The relocation of large amounts of industrial production met the needs of the global ruling class owners of fictitious capital, because, as a global class, they can own fictitious-capital as easily in South Korea as in South Kensington. The higher profits of capital in these industrialising economies made possible higher revenues for them in interest/dividends. But, also, in the developed economies, as they expanded, after 1999, this expansion did not bring the same rapid increase in demands for capital and labour, as occurred in the past, for the simple reason that a large part of the labour-intensive production, now, took place elsewhere.

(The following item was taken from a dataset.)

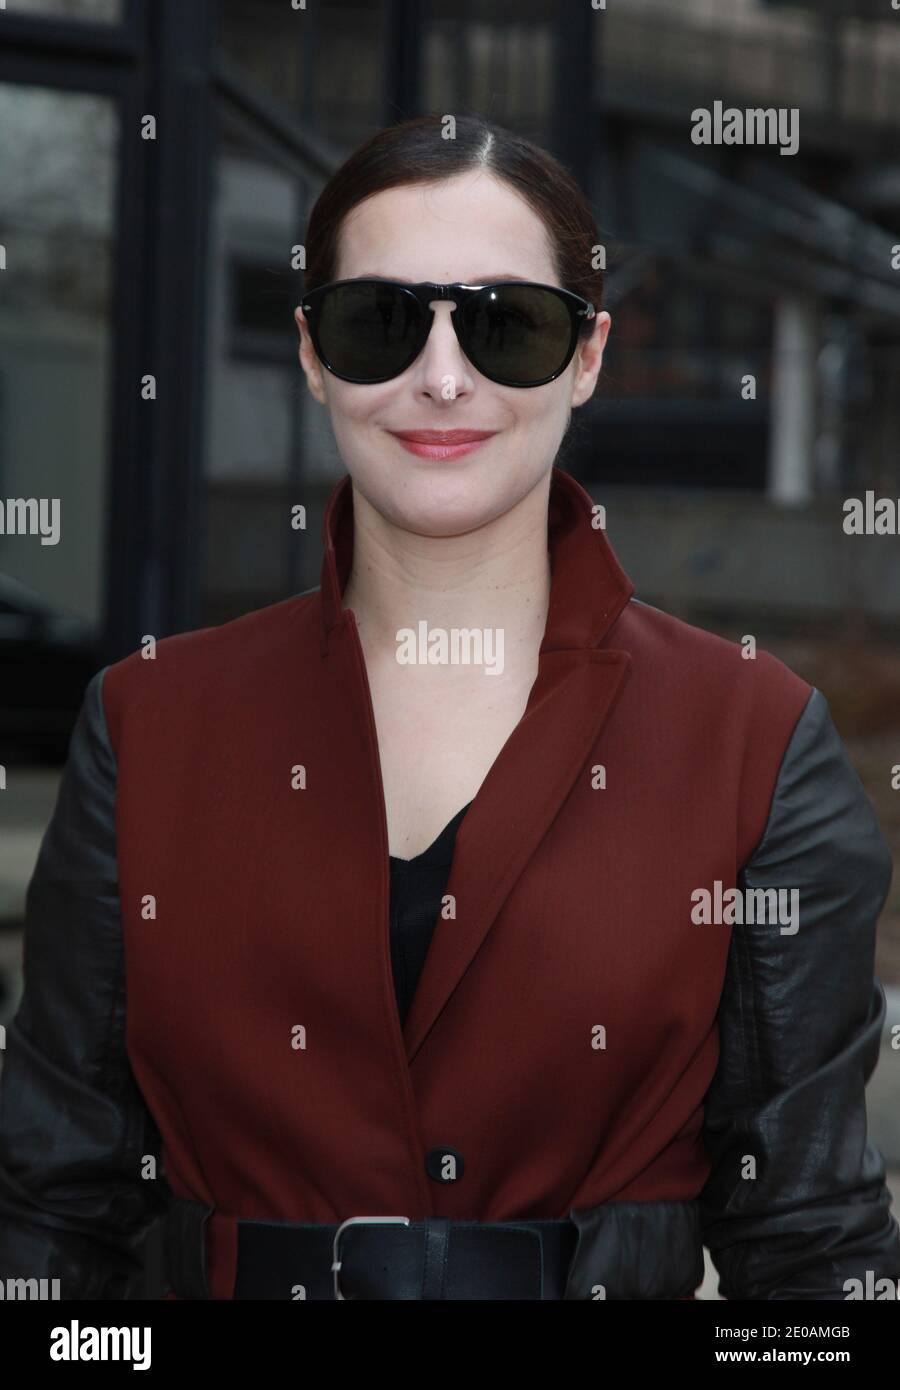 Amira Casar attends Balenciaga's Fall-Winter 2012-2013 Ready-To-Wear collection show held at Quai Javel in Paris, France, on March 1, 2012, as part of the Paris Fashion Week. Photo by Denis Guignebourg/ABACAPRESS.COM Stock Photo

In the NIC's, global capital now found its manufacturing labour from vast reserves of peasant and other rural labour, as it had done in Europe, in the 18th and 19th century. By contrast, in developed economies, particularly Britain and the US, large numbers of former manufacturing workers moved in the opposite direction, becoming the modern equivalent of the peasants and precarious labourers of pre-industrial times, i.e. they became impoverished petty-bourgeois, and precarious, sweated labour, or in places, in the decayed urban towns, the equivalent of the serfs and paupers, now dependent on a paternalistic, welfare state. It did not put upward pressure on wages, because these were not wage workers. (See here).
But, this type of petty-bourgeois production, like peasant production, is inevitably inefficient. It explains why the productivity of these economies, overall, during this period, has been low. The other change and consequence, during that period, as I set out in my book, is that large numbers of workers became employed as commercial workers. Part of the new international division of labour, created from the 1980's, was that surplus value was produced in the NIC's, but a large part of it was realised, by commercial capital in the developed economies of Europe and North America, emphasising the integral nature of industrial capital – containing both productive capital and commercial capital/capital in circulation – as, now, a global phenomenon – globalisation.

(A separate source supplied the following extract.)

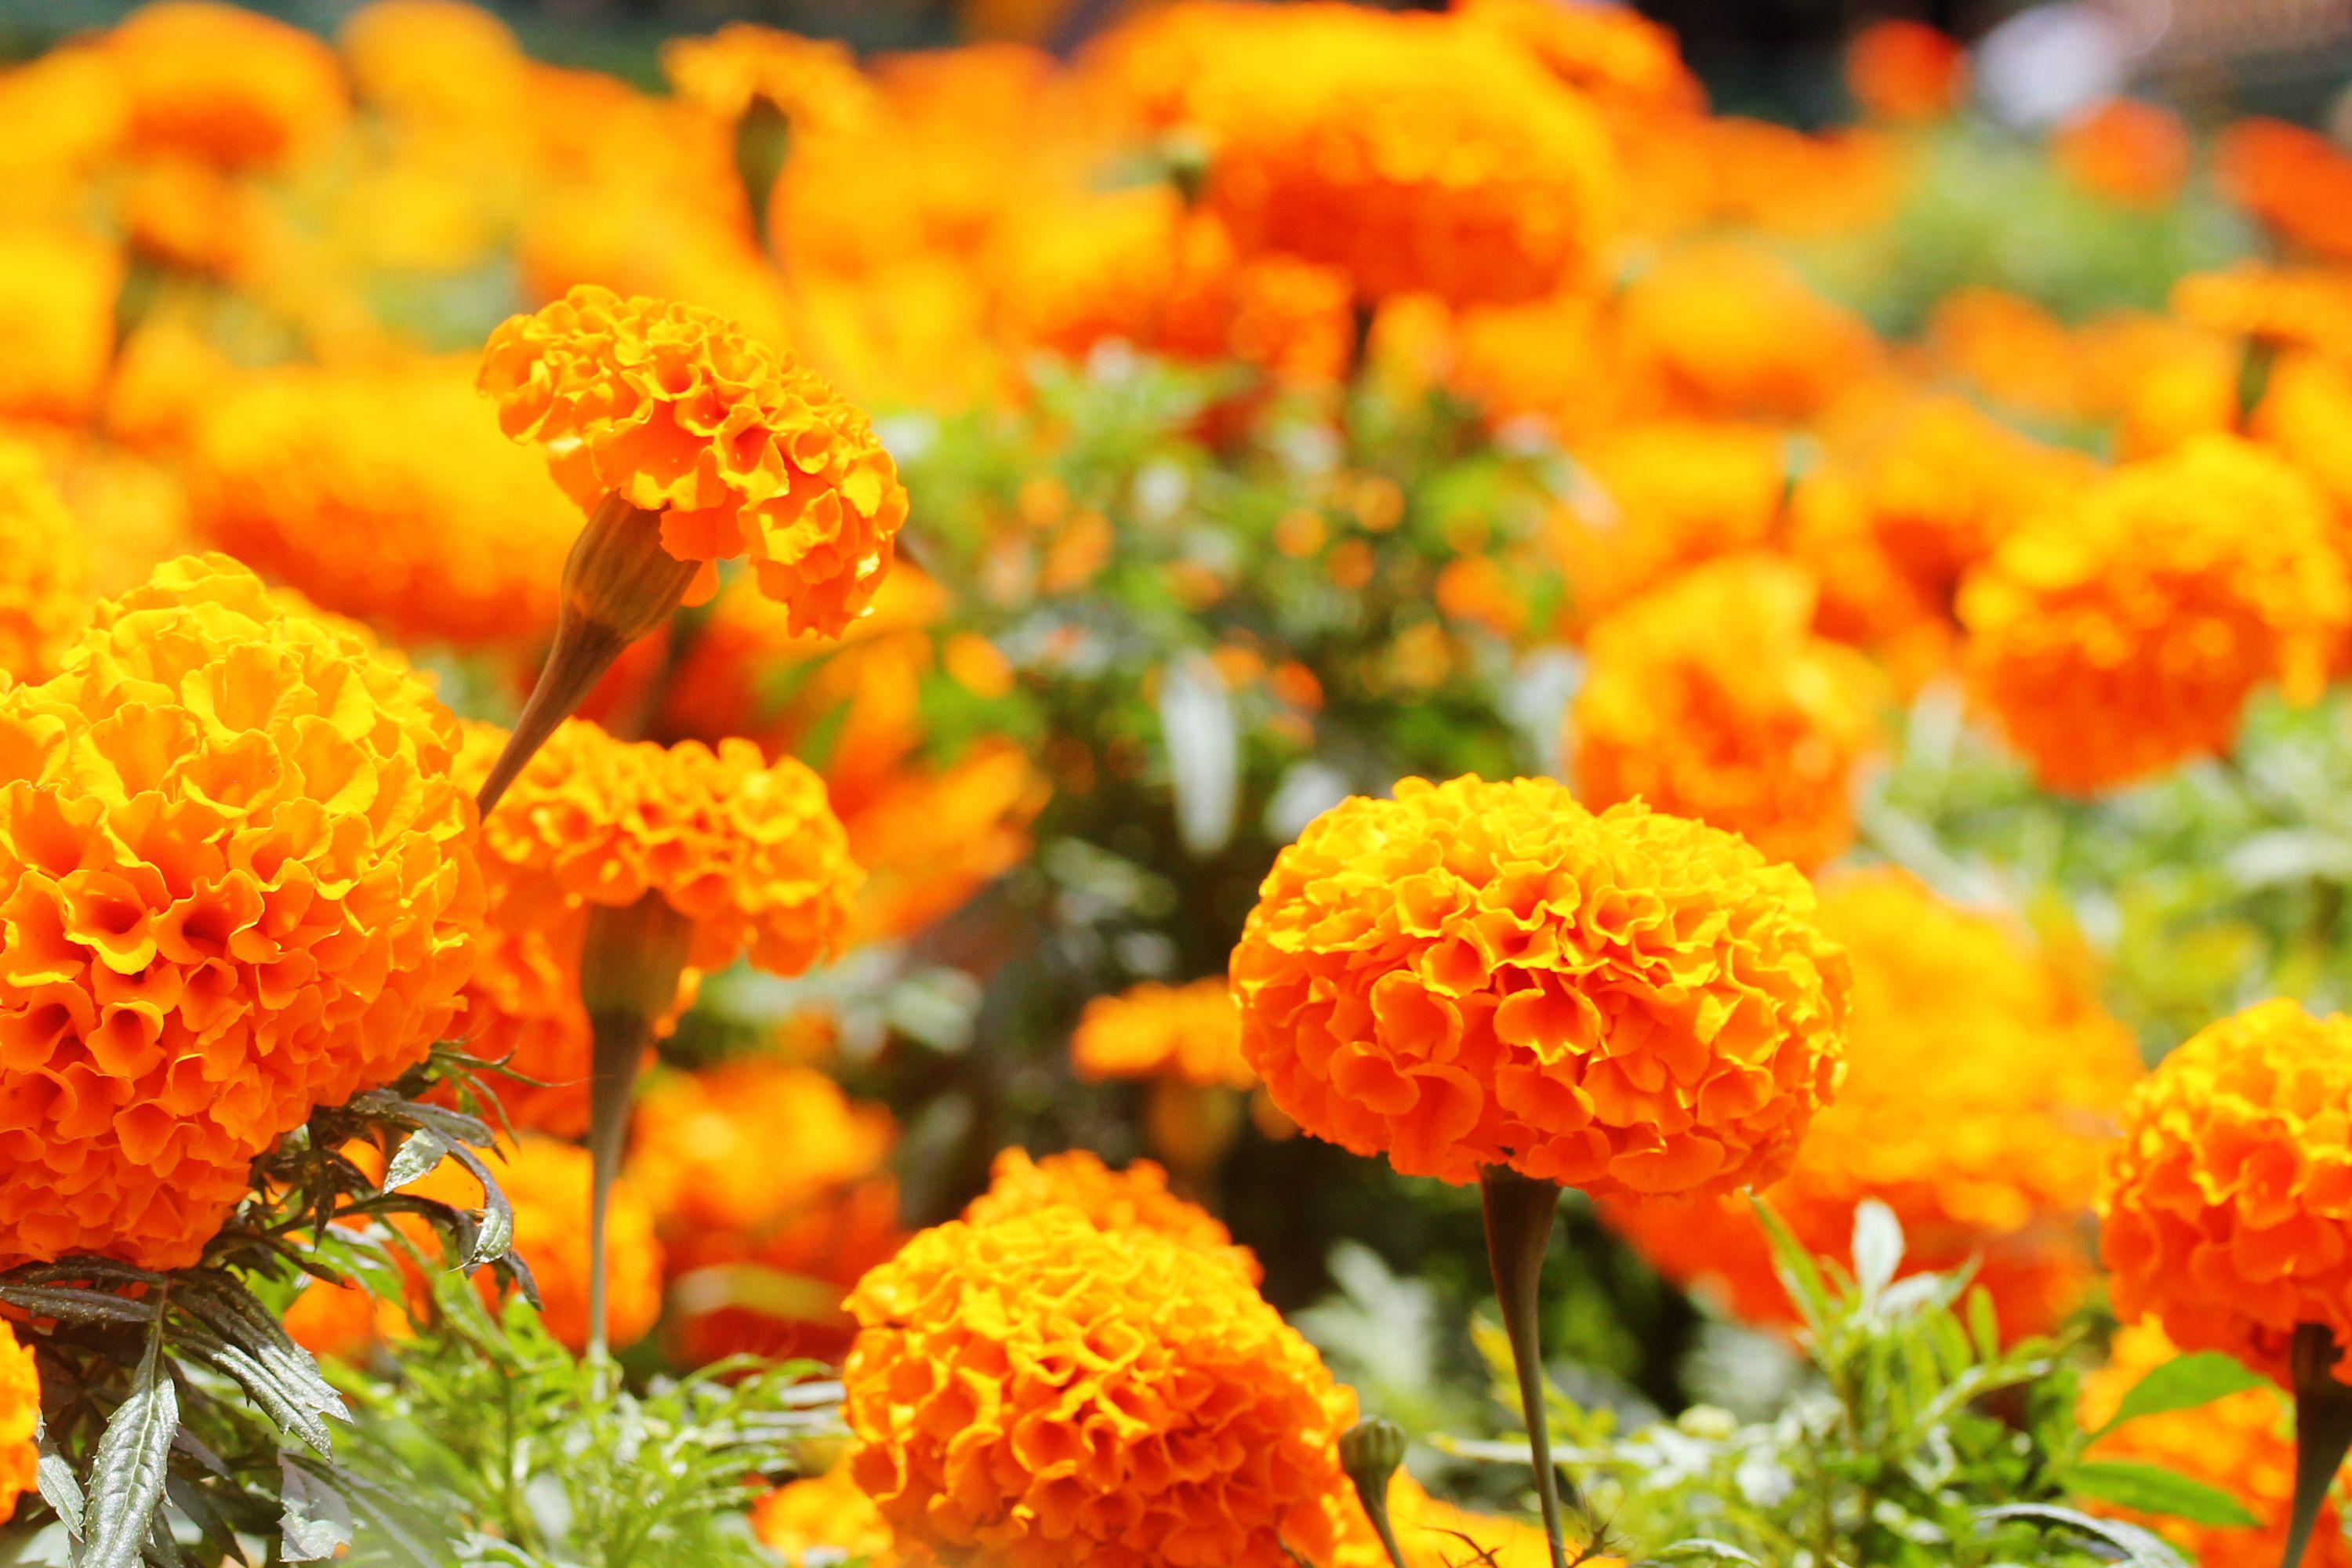 marigold flowers image and wallpaper Download

In Capital III, Chapter 17, Marx notes that capital increases the amount of productive labour employed as much as it can, because this is the source of surplus value, but it only increases the amount of commercial labour employed, as much as it needs to, because this labour does not create surplus value, but only realises it.
The amount of commercial labour required is not determined by the value of commodities to be circulated, but by their quantity. It takes no more commercial workers to sell a £200,000 Bentley than for a £20,000 Ford, for example. But, if 10 Fords are sold for every Bentley, approximately ten times as many commercial workers are required, allowing for economies of scale. And, of course, this commercial capital/capital in circulation, that comprises an integral part of the circuit of industrial capital, does not involve just the end salesperson, but also all of those workers involved in wholesaling, logistics, and money-dealing, as well as all of the bookkeepers and so on.
What characterised this period, since the 1970's, was the huge rise in the quantity of production, and the range of products available to be sold. As I have set out, elsewhere, of all the goods and services produced in human history, nearly 25% were produced in the first decade of this century alone. So, this vast increase in the quantity of use-values to be circulated was, also, the basis of a large increase in the number of commercial workers.
Its not just that this huge rise in productivity, resulting from the microchip revolution, massively reduced the unit value of existing commodities, meaning a greater quantity of them could be bought and consumed, but that entirely new types of commodity were produced and consumed – pocket calculators, video recorders, cassette tape players, photocopiers, video game machines, personal computers, CD players, mobile phones, to name just a few – all of which required new commercial outlets, and, at first, specialist sales staff.